Analysis doesn’t support conclusions

We read with note an article recently in the Rural Press entitled “Argument over the Single Desk”. If we are correct, the article draws the conclusion that, to date at least, “growers are not getting the same value for their wheat as they did under the single desk system”.

The analysis took the historical AWB net pool returns for Port Adelaide and then compared this to the $A value of Chicago Board of Trade (CBOT) wheat futures in late November each year. From 1994 to 2008 (dropping out the drought years of 2002 and 2006) the analysis contented that the difference between the net AWB pool returns and the $A value of CBOT wheat futures late in November each year was A$9.50/t in favour of the pool. For 2008 it suggested instead of a premium – on average of $9.50/t – a deficit of A$23.50/t resulted and for 2009 (to date at least) a deficit of A$22.50/t is showing. Using this “crude measure” the conclusion drawn is that in a deregulated market Australian wheat is averaging close to $32/t under the AWB single desk system.

It is simply erroneous to draw any conclusion about deregulation from this analysis. The fact is that physical wheat values in the past few years have not kept their usual relationships (historical basis relationships) with CBOT wheat futures.

A comparison of a range of international wheat cash prices and CBOT wheat futures shows that in recent years there has been a very noticeable divergence in the price of all international wheats vs CBOT.

This is nothing new to market watchers. The US Commodity Futures Trading Commission (CFTC) has held a number of recent enquiries into the lack of convergence between cash wheat prices and CBOT wheat futures. The operators of CBOT have gone to some lengths to change the futures contract specifications (such as variable storage charges and increased delivery locations/methods) in order to aid convergence.

The increase in investment flows, via index funds and other long only funds, are the major reasons for this divergence. At today’s prices, the investment in CBOT wheat futures by long-only type funds is a little over US$6 billion dollars or 33mmt. It is largely the presence of this capital washing around in the futures market that has caused the divergence between global cash wheat values and CBOT wheat futures.

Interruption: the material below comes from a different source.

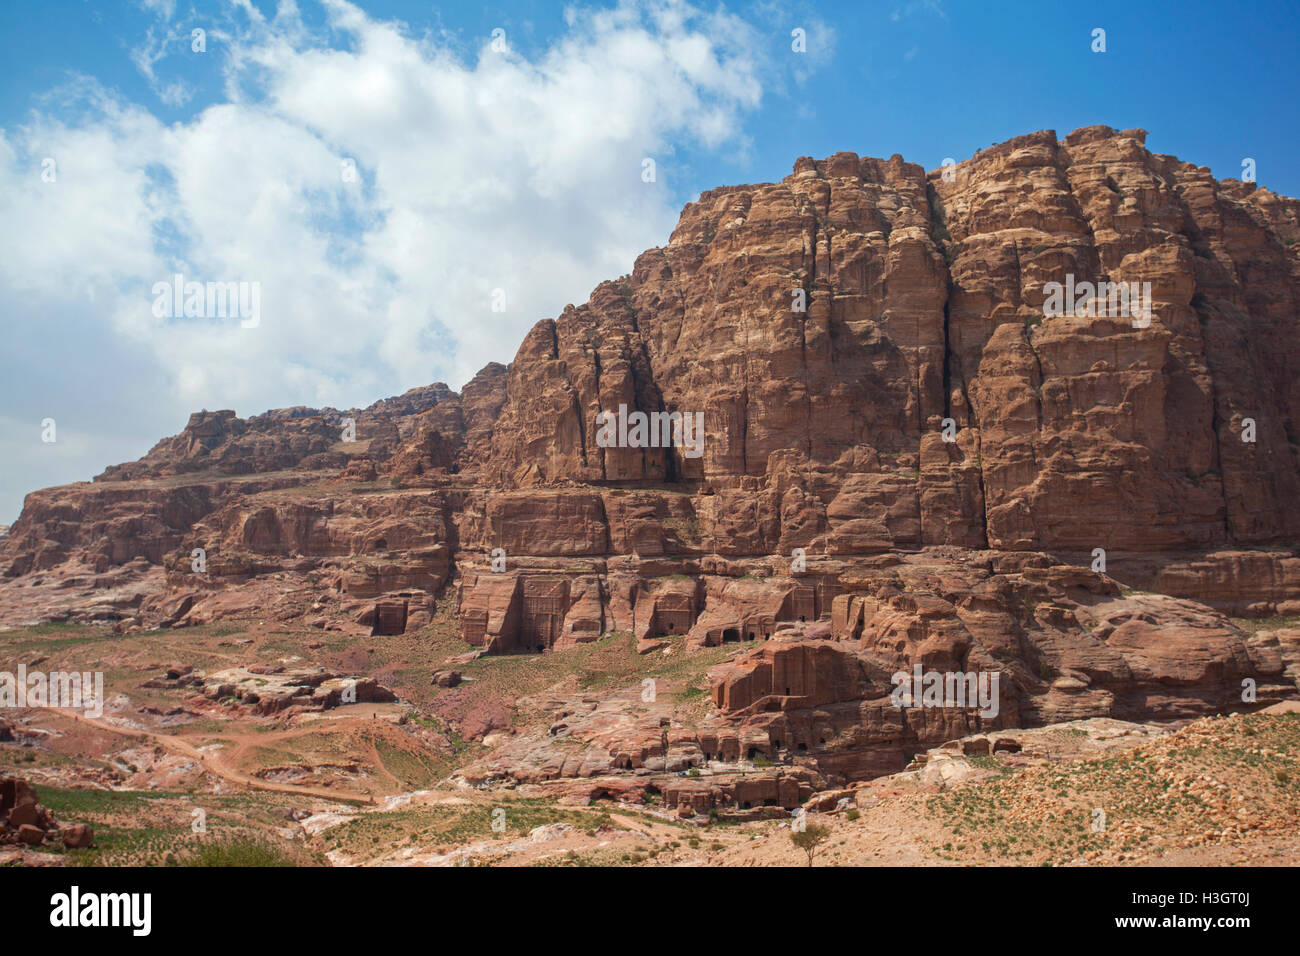 Vista de una montaña rocosa con muchas tumbas Nabateas antiguas talladas en la piedra, dentro del sitio arqueológico de Petra, Jordania. Foto de stock

Rather than making reckless claims about the impact of deregulation, we offer an alternative explanation that the divergence between cash wheat prices and CBOT wheat futures is a global phenomenon. The fact that Australian wheat prices have diverged from CBOT has little to do with deregulation of the Australian export wheat market. It has much more to do with the change in shape of the relationship between CBOT wheat futures and global cash wheat values.